> [Exercise inputs]
####

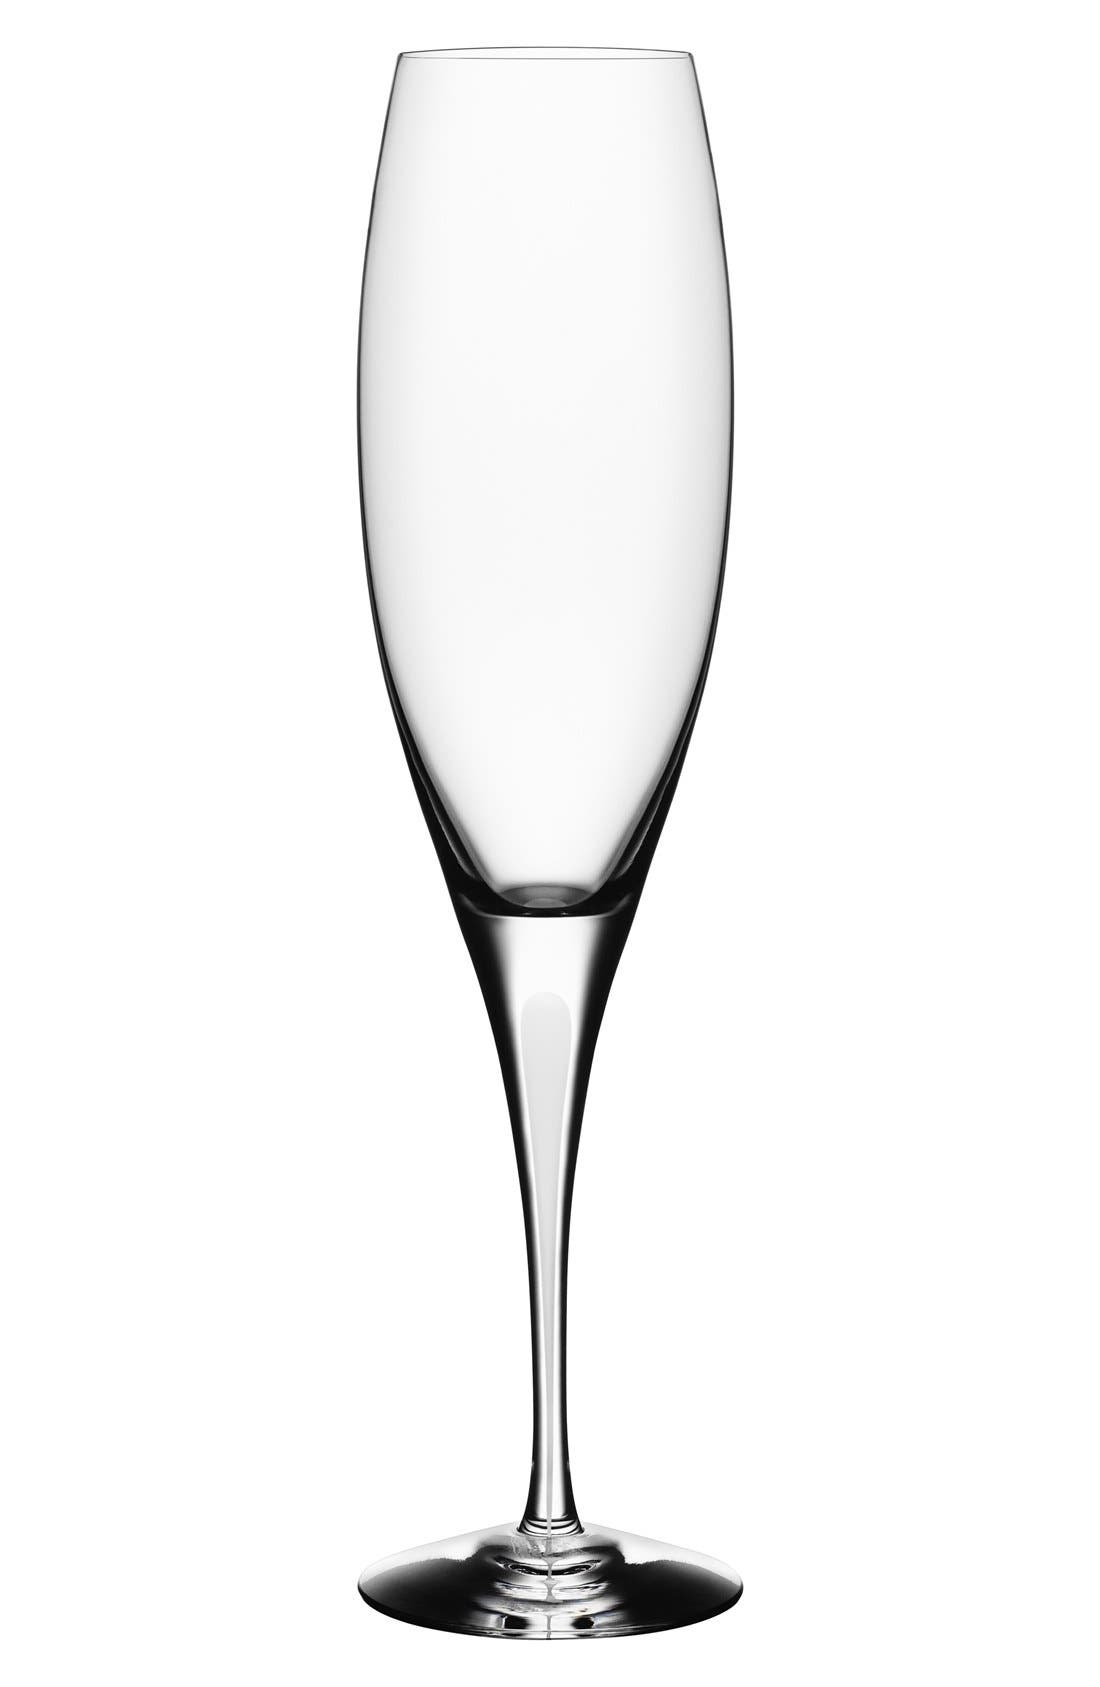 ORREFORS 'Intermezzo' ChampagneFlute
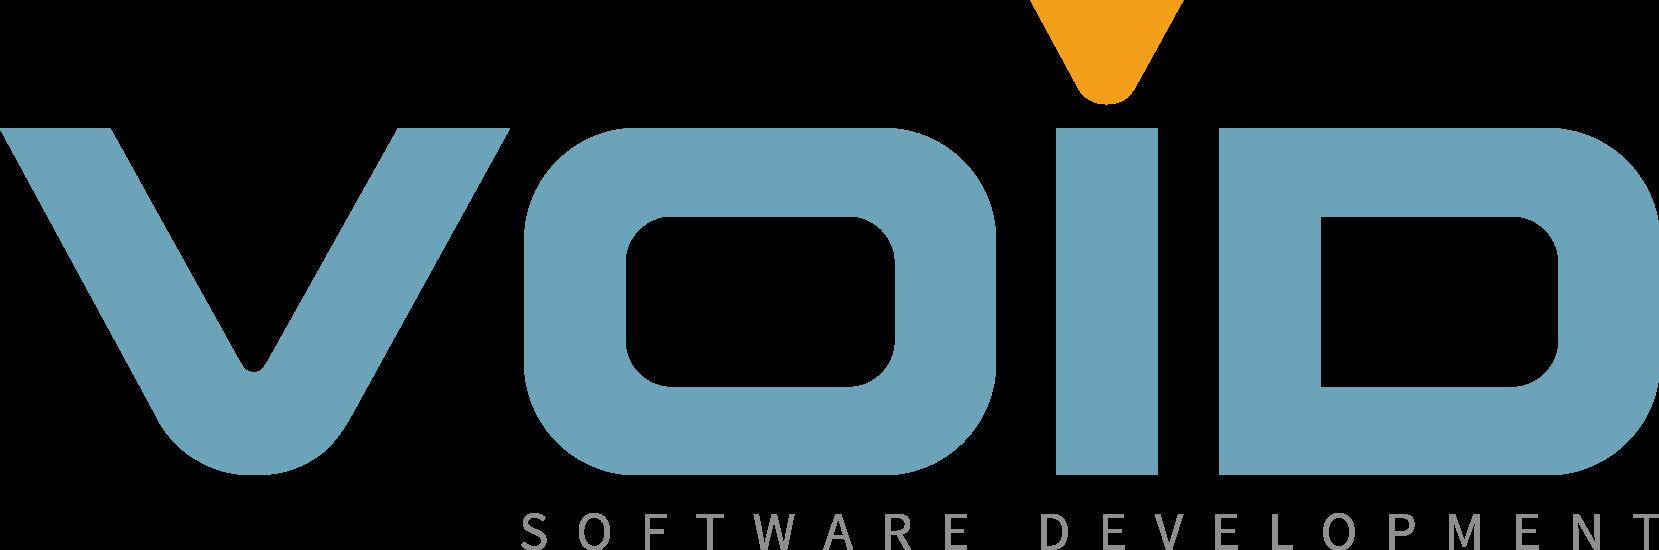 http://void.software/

####

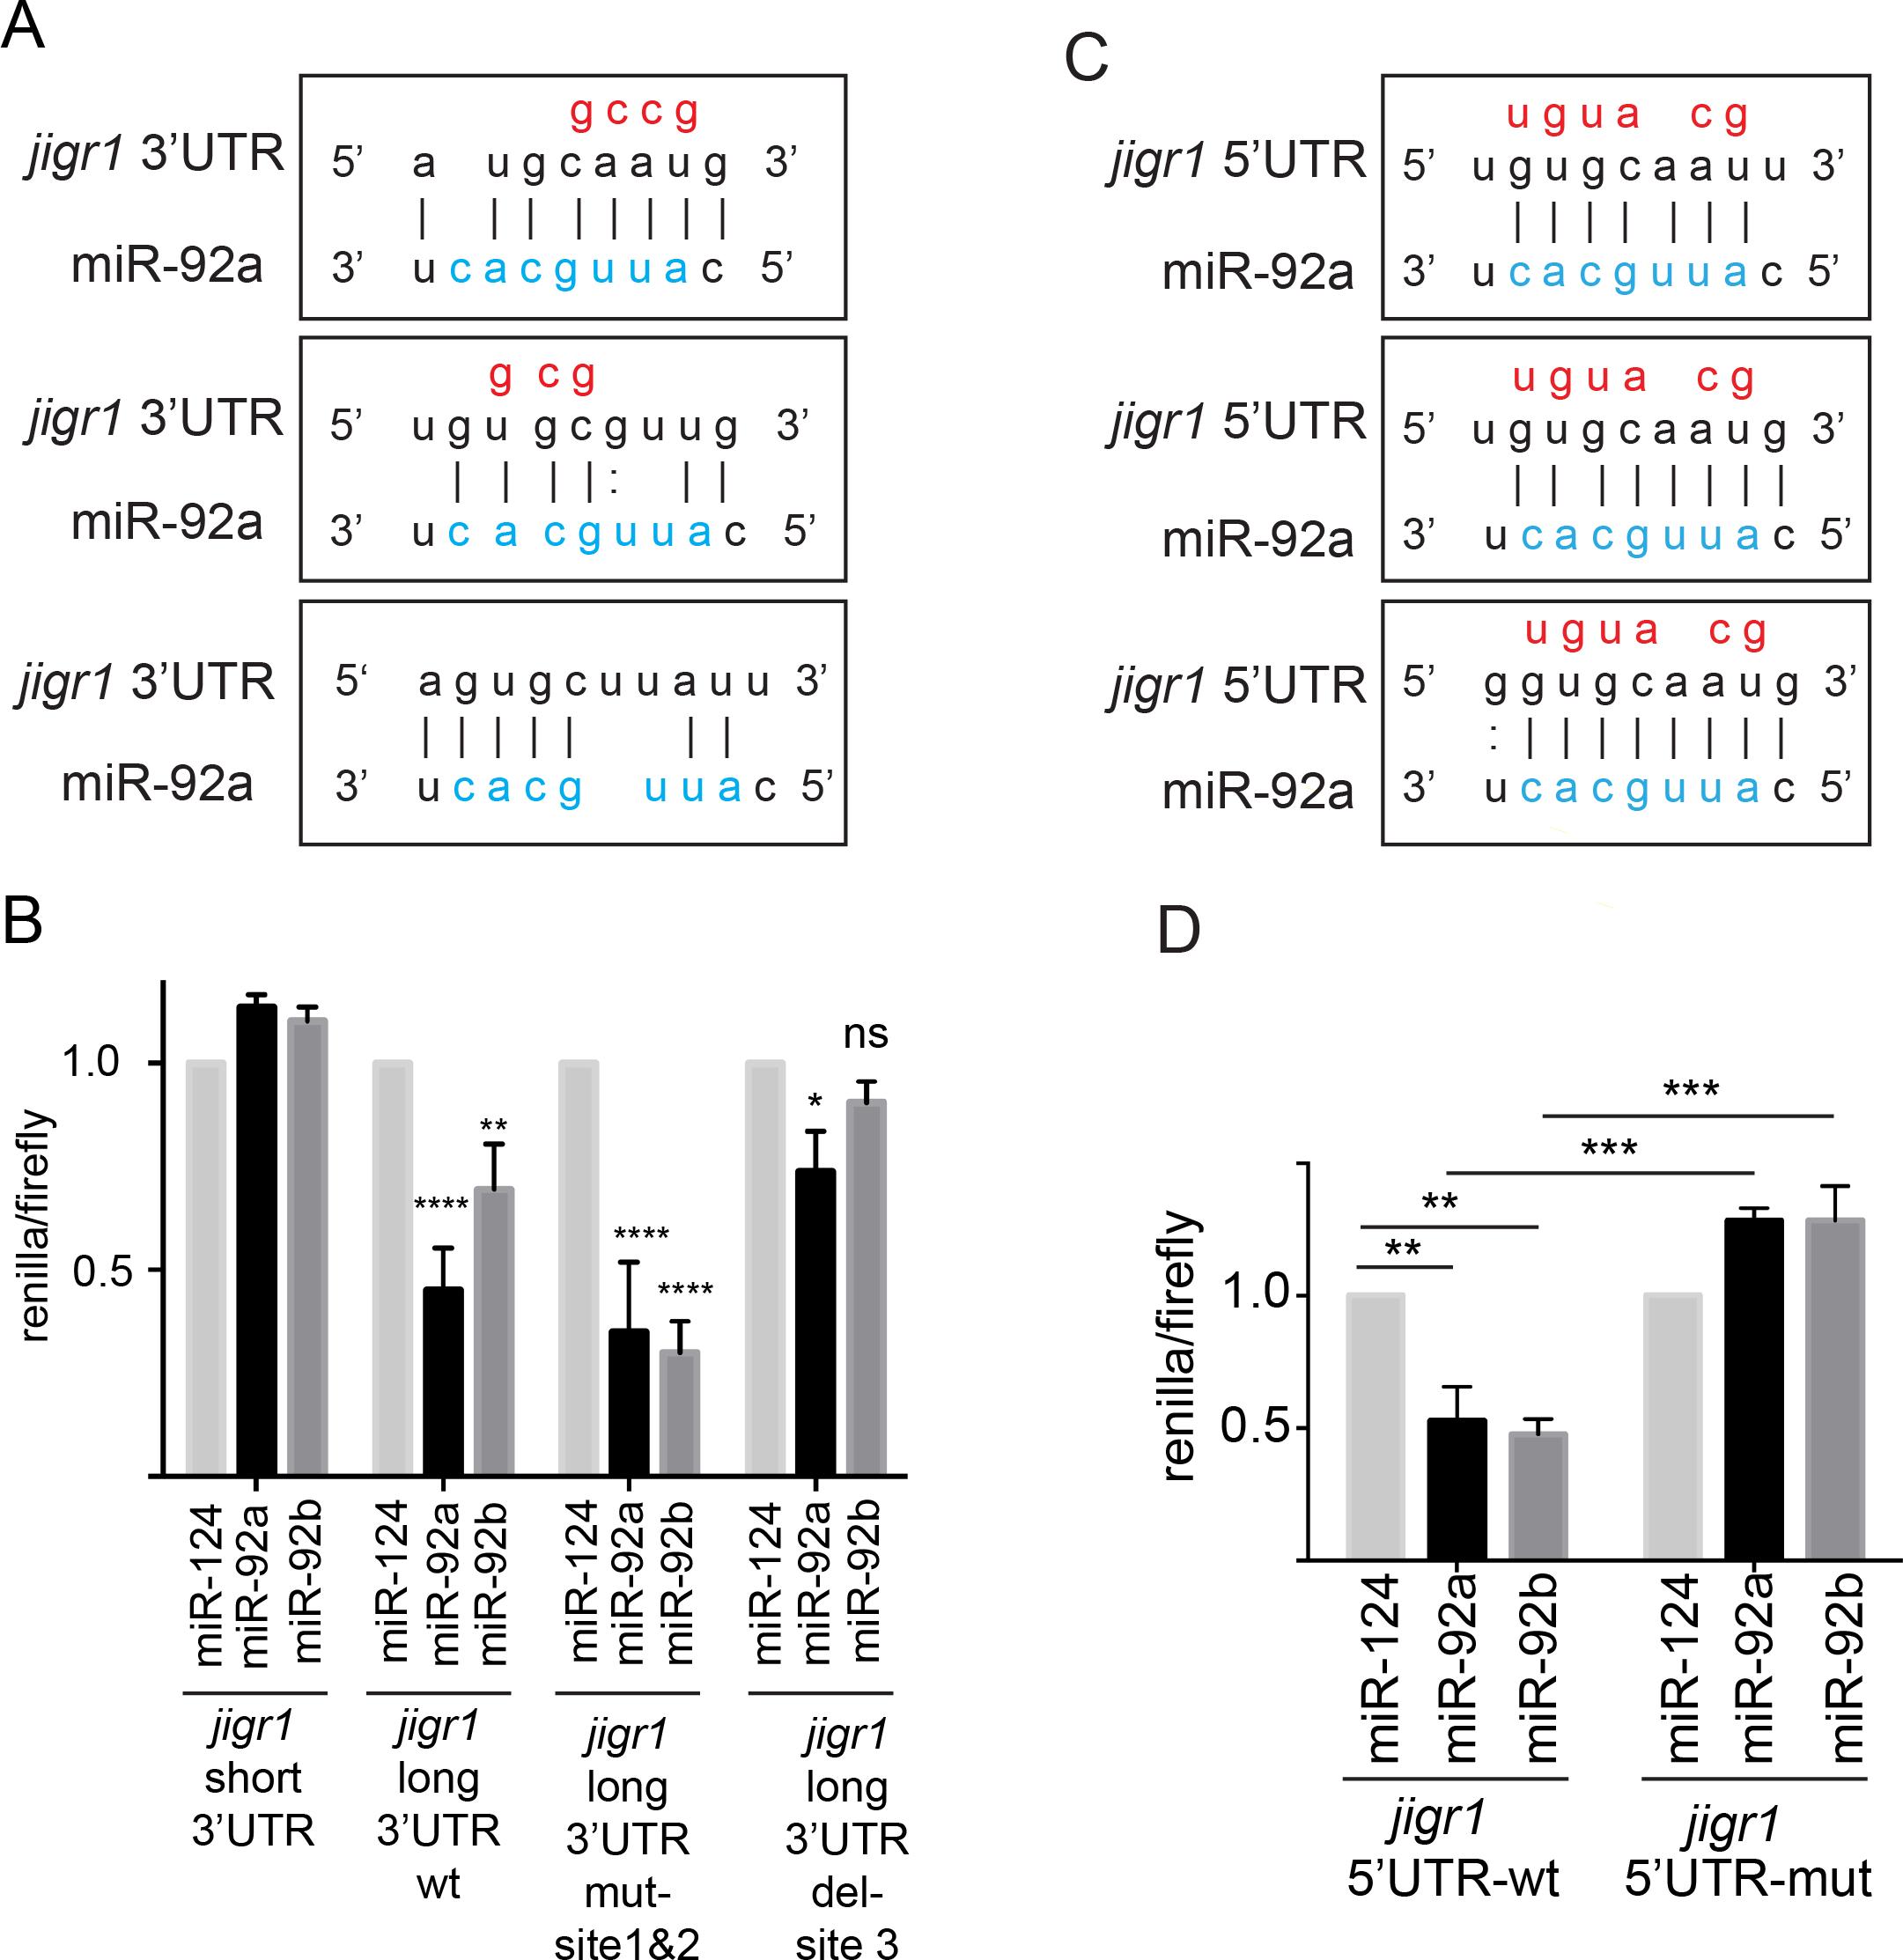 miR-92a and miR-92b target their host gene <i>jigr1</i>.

####

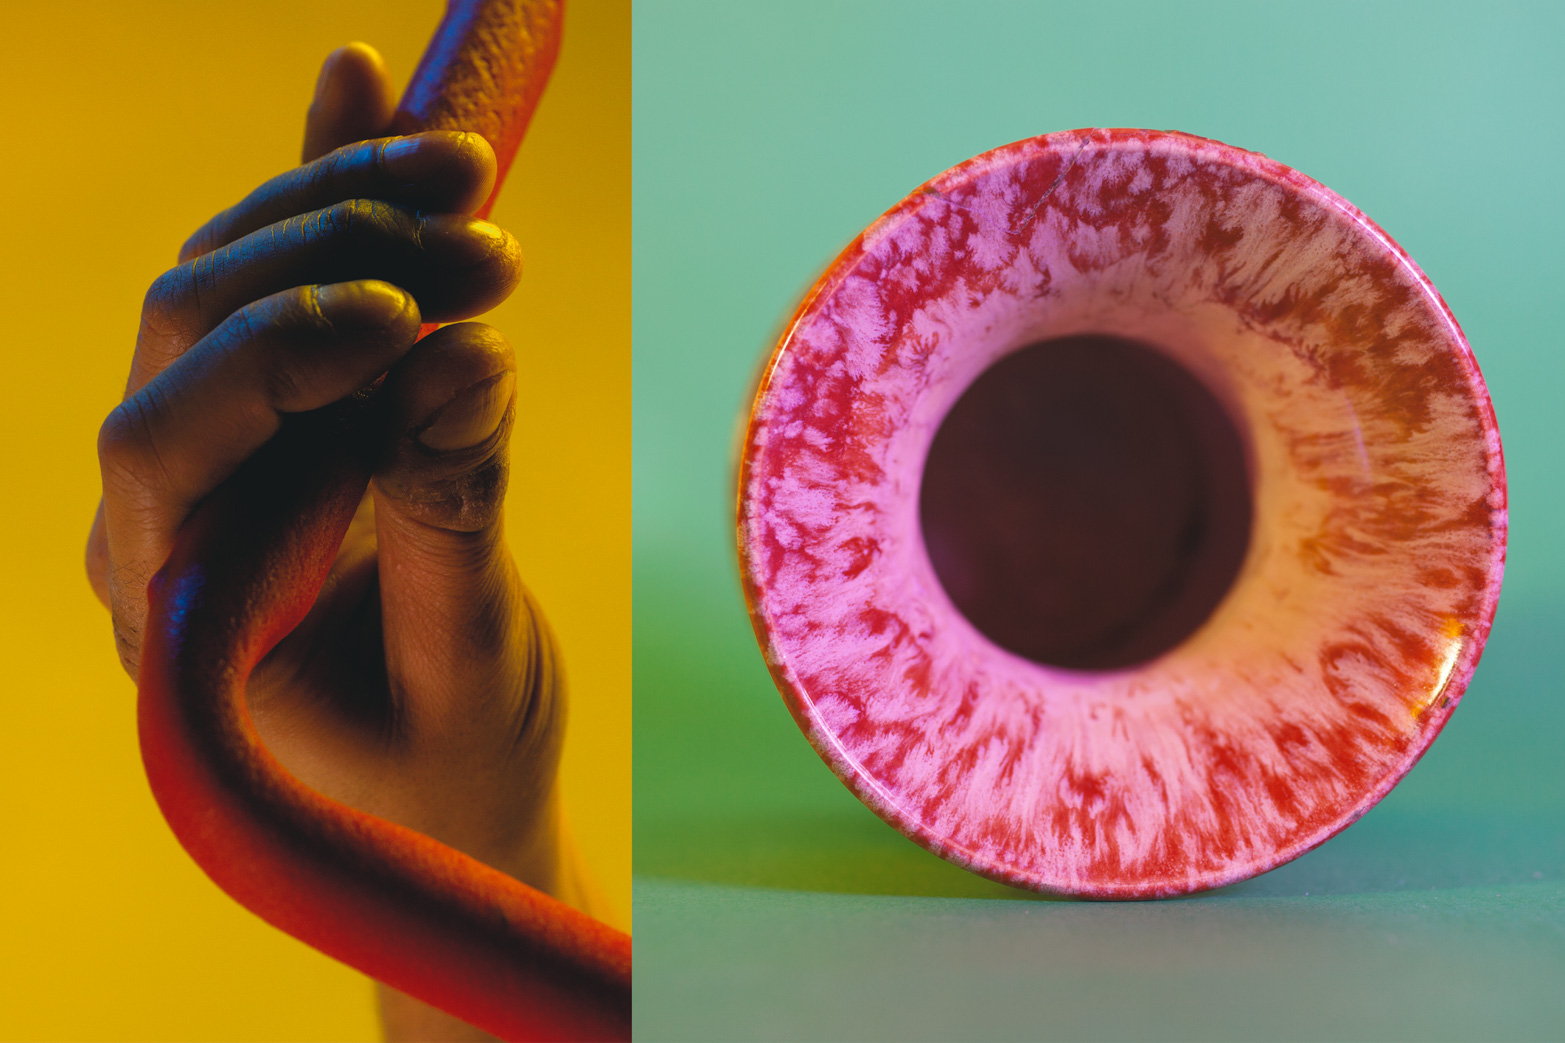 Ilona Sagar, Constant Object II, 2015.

####

> [Problem] An exact transcription is needed of the lines from the one with "ORREFORS 'Intermezzo' ChampagneFlute" to the one with "http://void.software/" above, both ends included, with pictures left out.

> [Answer section]
 ORREFORS 'Intermezzo' ChampagneFlute
 http://void.software/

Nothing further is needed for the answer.